Leaving

In an experiment aimed at disrupting this retail flow, Leaving consists of the design and fabrication of garments (in this case dresses) that are then left in retail outlets among the other items for sale. In place of price and sizing tags, these garments carry small drawings in graphite on paper. 

Leaving. 2015. Dresses and mixed media. Edition of 25.

 

Leaving draws inspiration from Marc Augé’s study of “non-places”, in particular his discussion of tourism and the Romantic era travel accounts of Francois-Rene de Chateaubriand. Augé identifies Chateaubriand’s sublimation of place into image as a hallmark of Modern subjectivity. He writes, “The ideal vantage point –because it combines the effect of movement with distance – is the deck of a ship putting out to sea.”1 

The activity of leaving or passing by affords us the image of a place in its entirety. When we occupy a space (whether a landscape or building) we can only see to the edge of its particular horizon: the top of the buildings; the walls and ceiling of the room we are in. The birds-eye view can be recalled or constructed in the minds-eye, but is never visible from the location we inhabit. 

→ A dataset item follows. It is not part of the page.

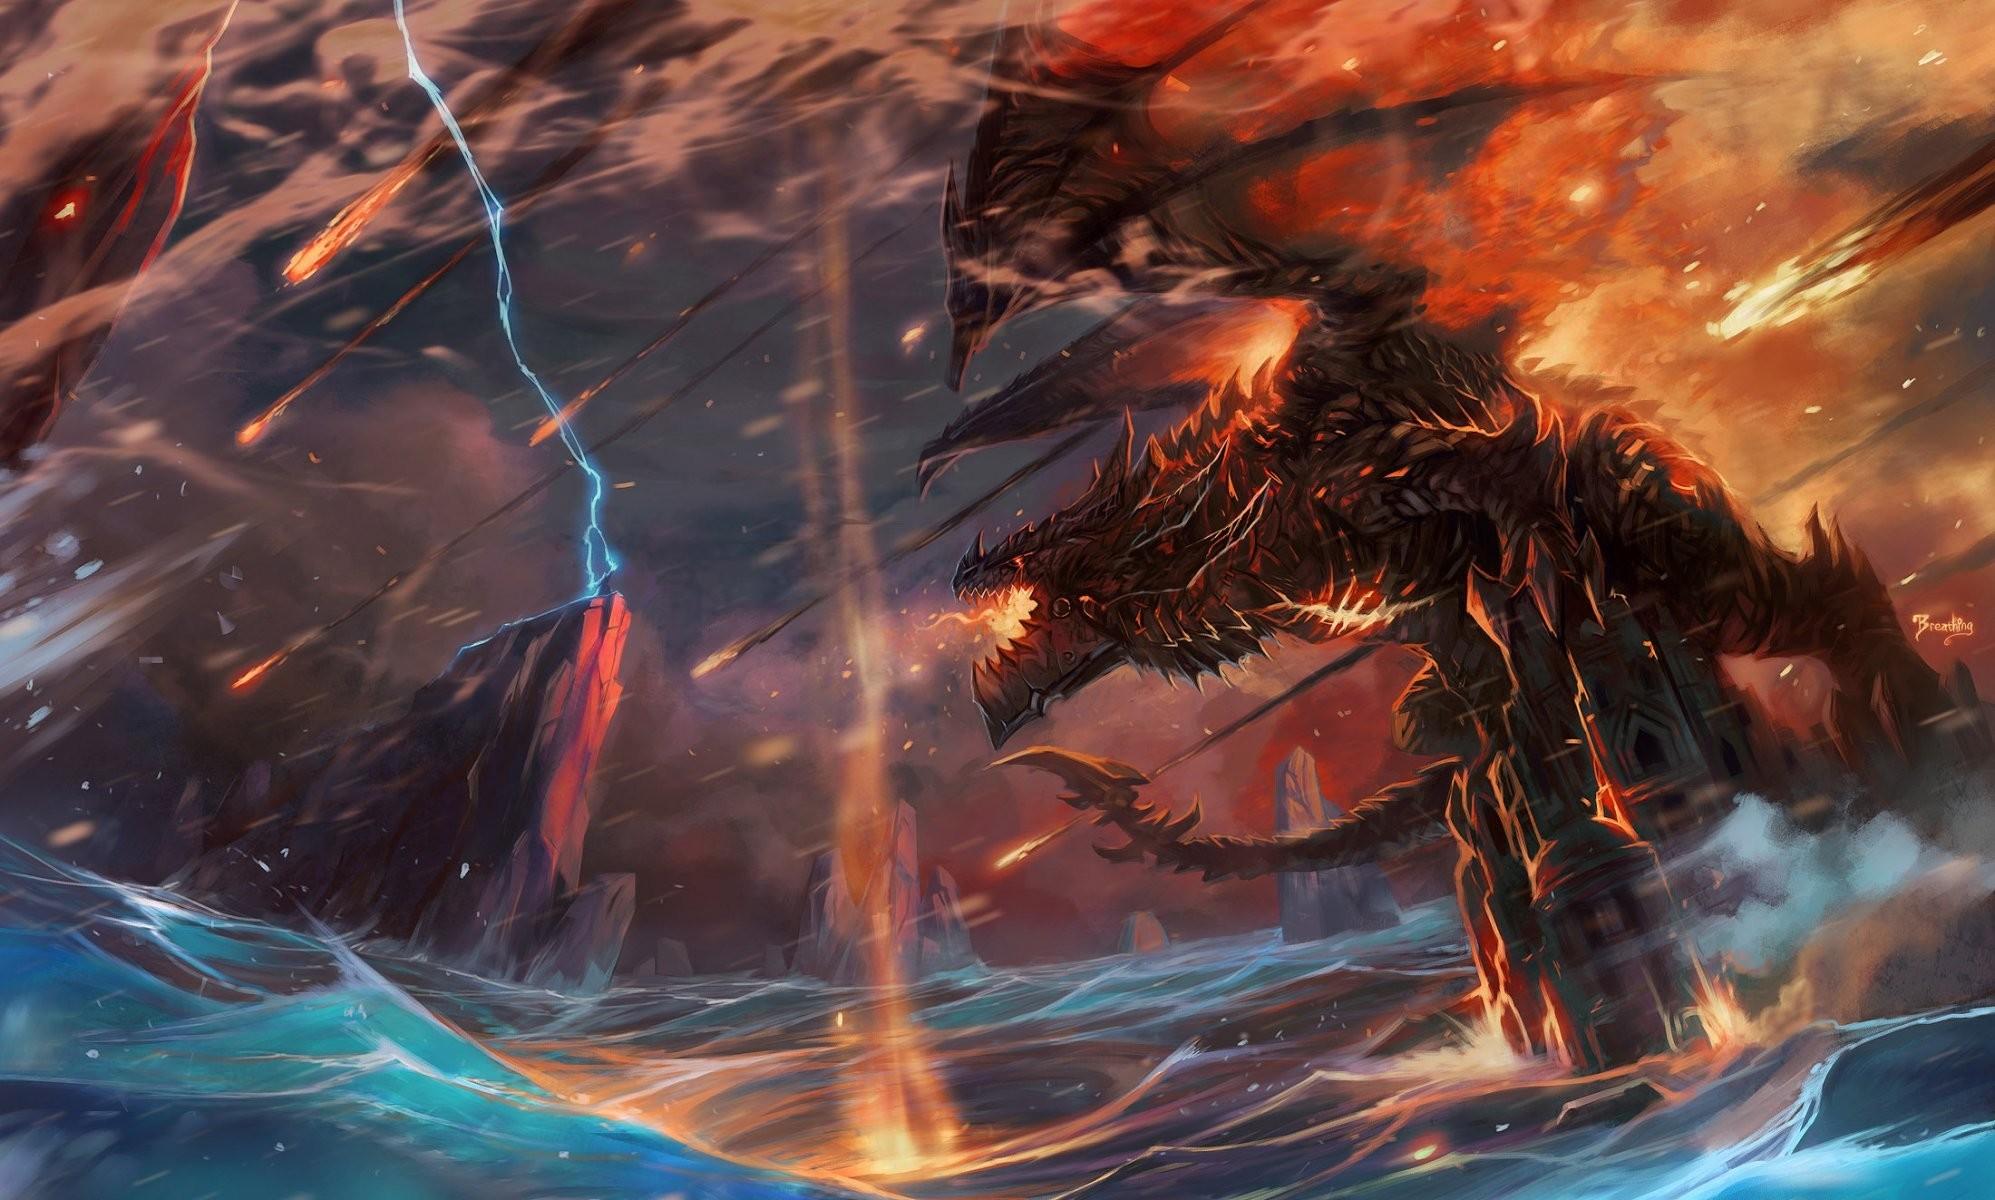 Black-Lightning-Dragon-Wallpaper – art-jian-guo-world-of-warcraft-dragon -man-lightning-castle-waves-fire
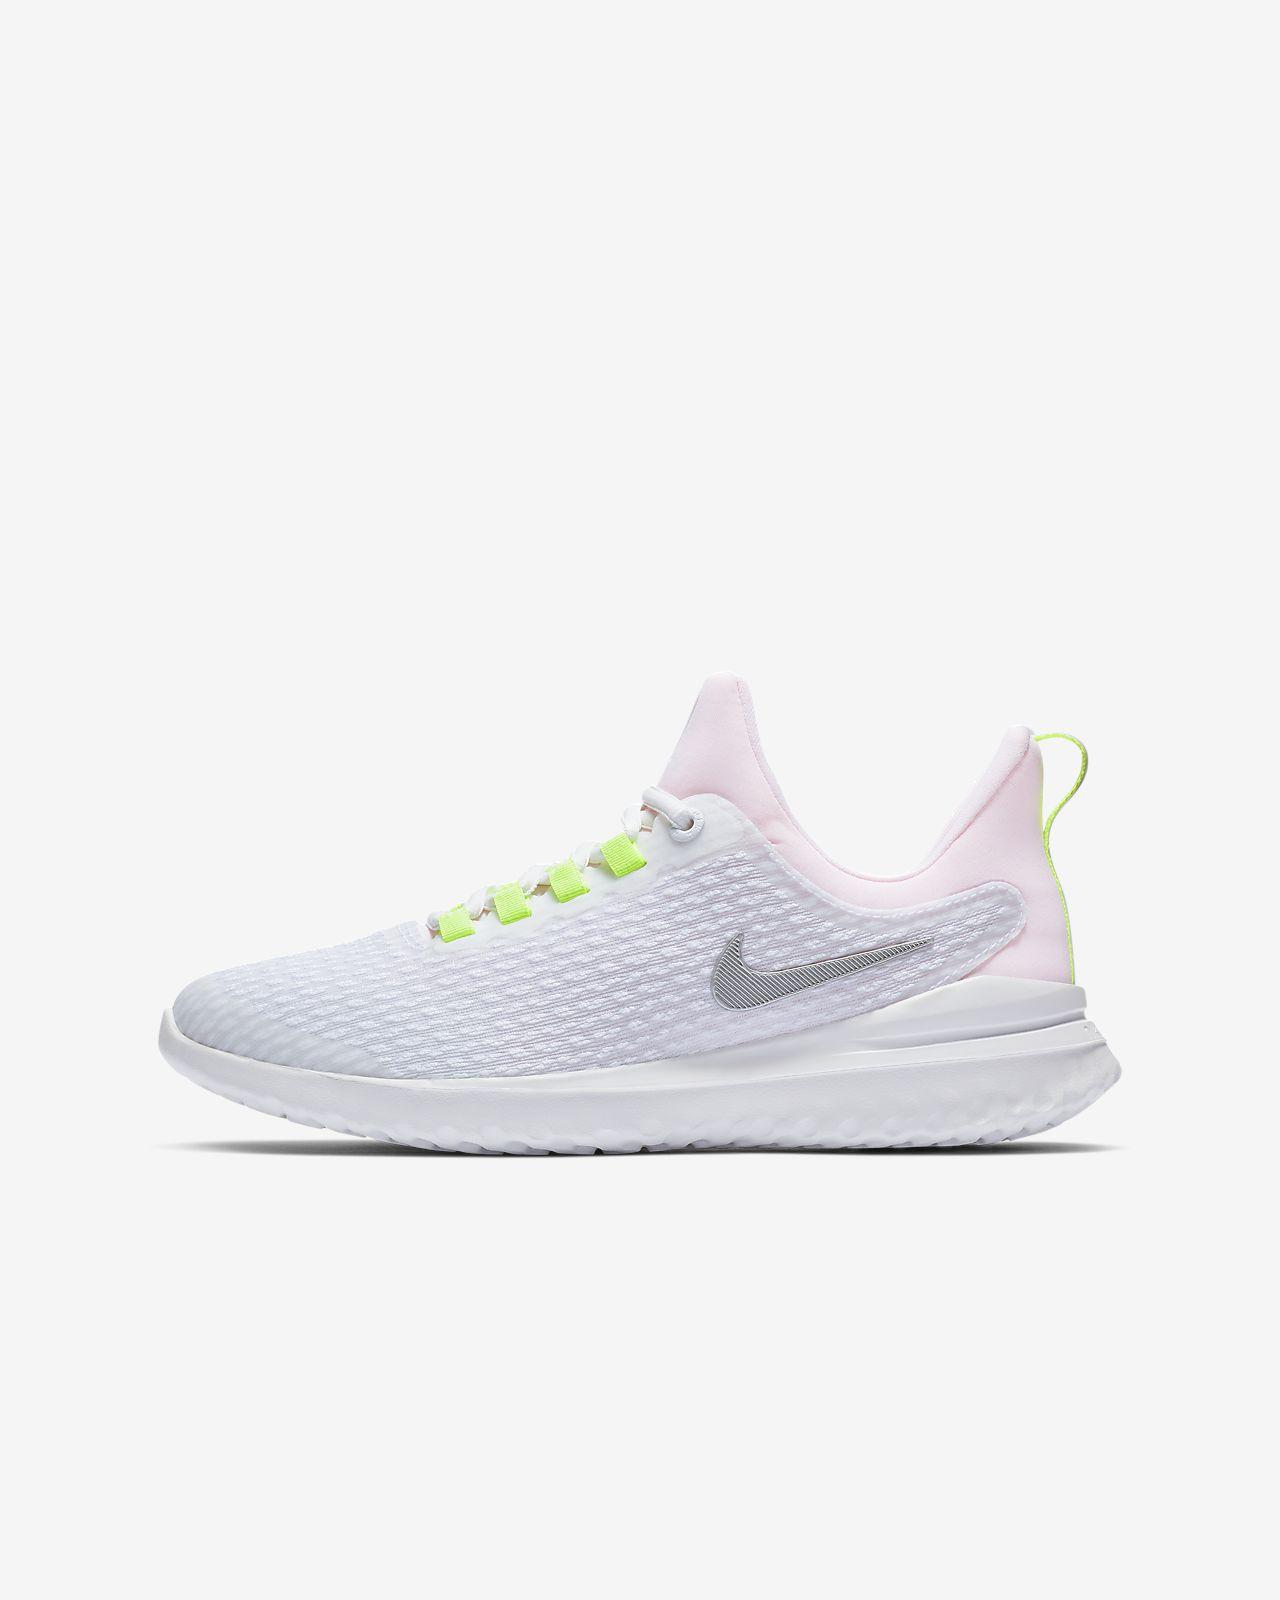 368f15c9c19 Nike Renew Rival Older Kids  Running Shoe. Nike.com GB

The goal of the branded retail space is to detach the shopper from her particular experience of this space (from sorting, calculating, weighing use value with touch, fit, desire) and to connect her with an image of coherent style and ultimate happiness promised by the commodities displayed. Necessarily, this image is inscribed with class, race, age and gender norms, but its goal is erasure of the realities of how, why, where and by whom goods were made. Histories of materials and labor are denied so that the smooth “nowness” of the sale can be preserved and repeated.  

Leaving asks: what is the status of an object that is left behind and has no price tag to quantify its value, no bar code to give it a place in the inventory? If the thief is a criminal in the Capitalist system, what is the role of a person who gives what has not been requested? In a sense, she is a polluter of images, a blasphemer of the brand.